But the third mystery is about the wood that the staircase is built of. Amazingly - and you gotta remember, this strange dude just wandered up, started building without help and then walked off without being paid - NONE of the wood that went into the staircase came from anywhere near the Santa Fe area. Whoa. Freaky...

What a delightful story! I need to do some poking around on the 'net to understand it all, but how delicious it is to have such a lovely mystery available to be pondered and marveled at. I almost *don't* want to poke around and have the story's loveliness explained away!

This reminds me of my Big Trip around the country in 1998. Charles and I were seperated, going through what I euphamistically refer to as our "relationship calisthenics." (it was absolute hell.) I'd decided to air myself out a bit and took 6 weeks off to go tour the country and be a vagabond.

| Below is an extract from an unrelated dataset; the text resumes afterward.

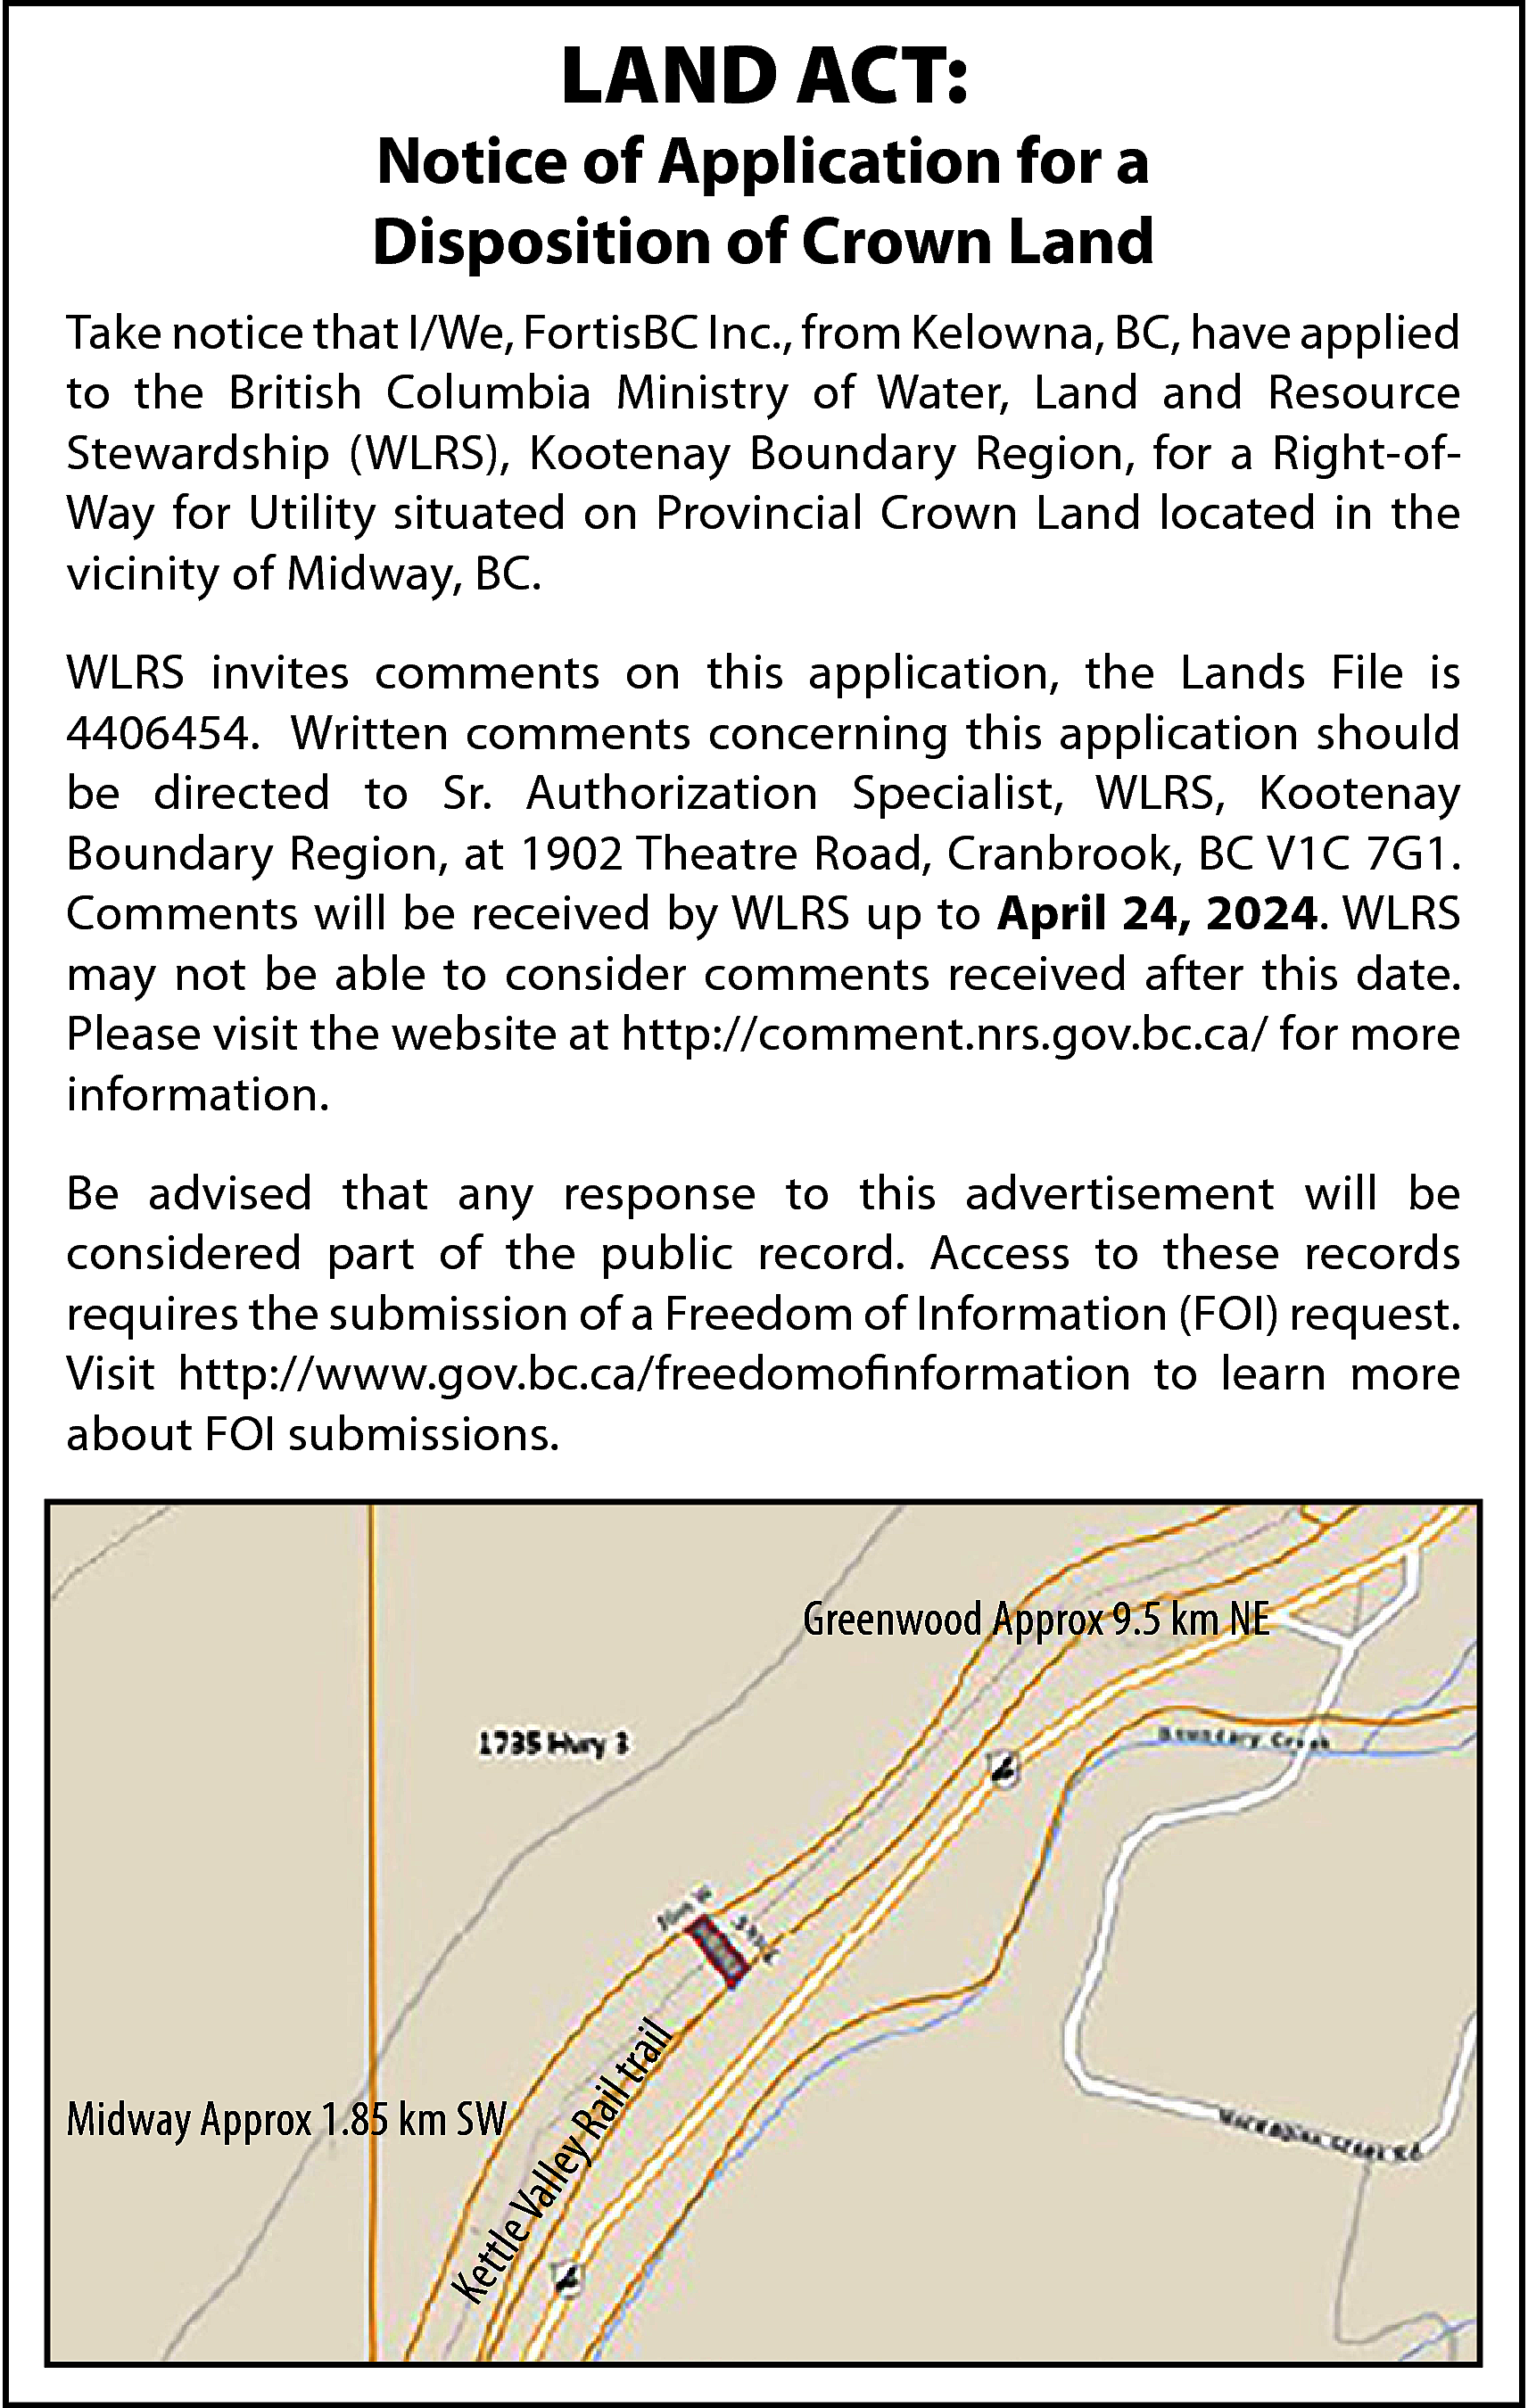 LAND ACT: <br> <br>Notice of  LAND ACT:    Notice of Application for a  Disposition of Crown Land  Take notice that I/We, FortisBC Inc., from Kelowna, BC, have applied  to the British Columbia Ministry of Water, Land and Resource  Stewardship (WLRS), Kootenay Boundary Region, for a Right-ofWay for Utility situated on Provincial Crown Land located in the  vicinity of Midway, BC.  WLRS invites comments on this application, the Lands File is  4406454. Written comments concerning this application should  be directed to Sr. Authorization Specialist, WLRS, Kootenay  Boundary Region, at 1902 Theatre Road, Cranbrook, BC V1C 7G1.  Comments will be received by WLRS up to April 24, 2024. WLRS  may not be able to consider comments received after this date.  Please visit the website at http://comment.nrs.gov.bc.ca/ for more  information.  Be advised that any response to this advertisement will be  considered part of the public record. Access to these records  requires the submission of a Freedom of Information (FOI) request.  Visit http://www.gov.bc.ca/freedomofinformation to learn more  about FOI submissions.    Ke t    tle    yR    Val  le    Midway Approx 1.85 km SW    ail    t ra    il    Greenwood Approx 9.5 km NE    

It was a delicious break for me in so many ways. I'd worked to put us both through school and it had taken me 8 years to get my degree. The relationship stuff hadn't been fun for a while... I was pooped and really needed the break.

I started traveling in a westerly direction and found myself in New Mexico. My friend Sean had asked me to bring him home some Chimayo holy dirt if I ended up nearby, so, after a few nights in the local Santa Fe hostel (ewwww. Gets 1 star!) I headed up to the chapel to check out the miraculous site for myself.

It's a dingy little chapel in the middle of nowhere. It's been there since the early 1800s. (Here's the wikipedia entry on the site: http://en.wikipedia.org/wiki/Chimayo. It's got the whole story on the chapel's miraculous founding.) I went in, read the didactic info, admired the wonderful architecture and dutifully dug up a film-canister-sized serving of holy dirt for Sean and headed down the road.

A couple of weeks and a few states later, I was cruising over the Saratoga pass just north of Yosemite national park, trying to get to Mom's house from the East. (I was avoiding Bakersfield. Blech!)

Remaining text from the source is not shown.